Lakhan Abdullah, Abed Mohammed Mazin, Kadry Seifedine, Hameed Abdulkareem Karrar, Taha Al-Dhief Fahad, Hsu Ching-Hsien
College of Computer Science and Artificial Intelligence, Wenzhou University, Wenzhou, China.
College of Computer Science and Information Technology, University of Anbar, Ramadi, Iraq.
PeerJ Comput Sci. 2021 Nov 22;7:e758. doi: 10.7717/peerj-cs.758. eCollection 2021.

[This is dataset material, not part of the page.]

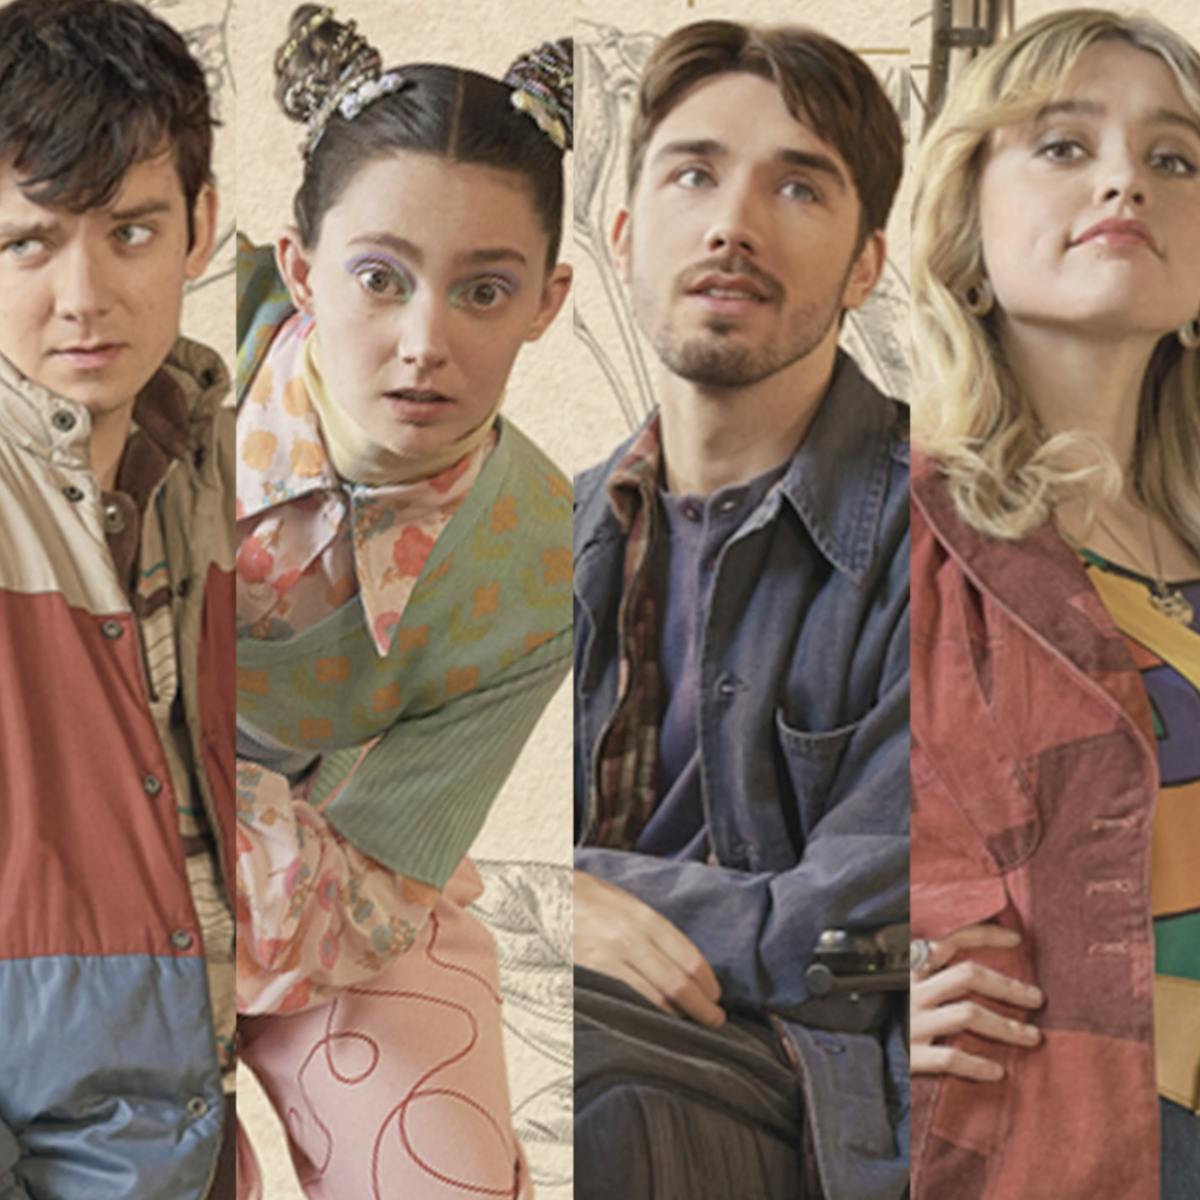 Collage of the cast of Sex Education featuring Otis, Lily, Isaac, Aimee, and Jackson

The intelligent reflecting surface (IRS) is a ground-breaking technology that can boost the efficiency of wireless data transmission systems. Specifically, the wireless signal transmitting environment is reconfigured by adjusting a large number of small reflecting units simultaneously. Therefore, intelligent reflecting surface (IRS) has been suggested as a possible solution for improving several aspects of future wireless communication. However, individual nodes are empowered in IRS, but decisions and learning of data are still made by the centralized node in the IRS mechanism. Whereas, in previous works, the problem of energy-efficient and delayed awareness learning IRS-assisted communications has been largely overlooked. The federated learning aware Intelligent Reconfigurable Surface Task Scheduling schemes (FL-IRSTS) algorithm is proposed in this paper to achieve high-speed communication with energy and delay efficient offloading and scheduling. The training of models is divided into different nodes. Therefore, the trained model will decide the IRSTS configuration that best meets the goals in terms of communication rate. Multiple local models trained with the local healthcare fog-cloud network for each workload using federated learning (FL) to generate a global model. Then, each trained model shared its initial configuration with the global model for the next training round. Each application's healthcare data is handled and processed locally during the training process. Simulation results show that the proposed algorithm's achievable rate output can effectively approach centralized machine learning (ML) while meeting the study's energy and delay objectives.
智能反射面(IRS)是一种开创性技术,可提高无线数据传输系统的效率。具体而言,通过同时调整大量小型反射单元来重新配置无线信号传输环境。因此,智能反射面(IRS)已被视为改善未来无线通信多个方面的一种可能解决方案。然而,在IRS中各个节点被赋能,但数据的决策和学习仍由IRS机制中的集中式节点进行。而在以往的工作中,节能和延迟感知学习的IRS辅助通信问题在很大程度上被忽视了。本文提出了联邦学习感知智能可重构表面任务调度方案(FL-IRSTS)算法,以实现具有能量和延迟高效卸载与调度的高速通信。模型的训练被划分到不同节点。因此,训练后的模型将根据通信速率决定最符合目标的IRSTS配置。使用联邦学习(FL)针对每个工作负载在本地医疗雾云网络中训练多个本地模型以生成全局模型。然后,每个训练后的模型与全局模型共享其初始配置以进行下一轮训练。在训练过程中,每个应用的医疗数据在本地进行处理和加工。仿真结果表明,所提算法的可达速率输出在满足研究的能量和延迟目标的同时,能够有效接近集中式机器学习(ML)。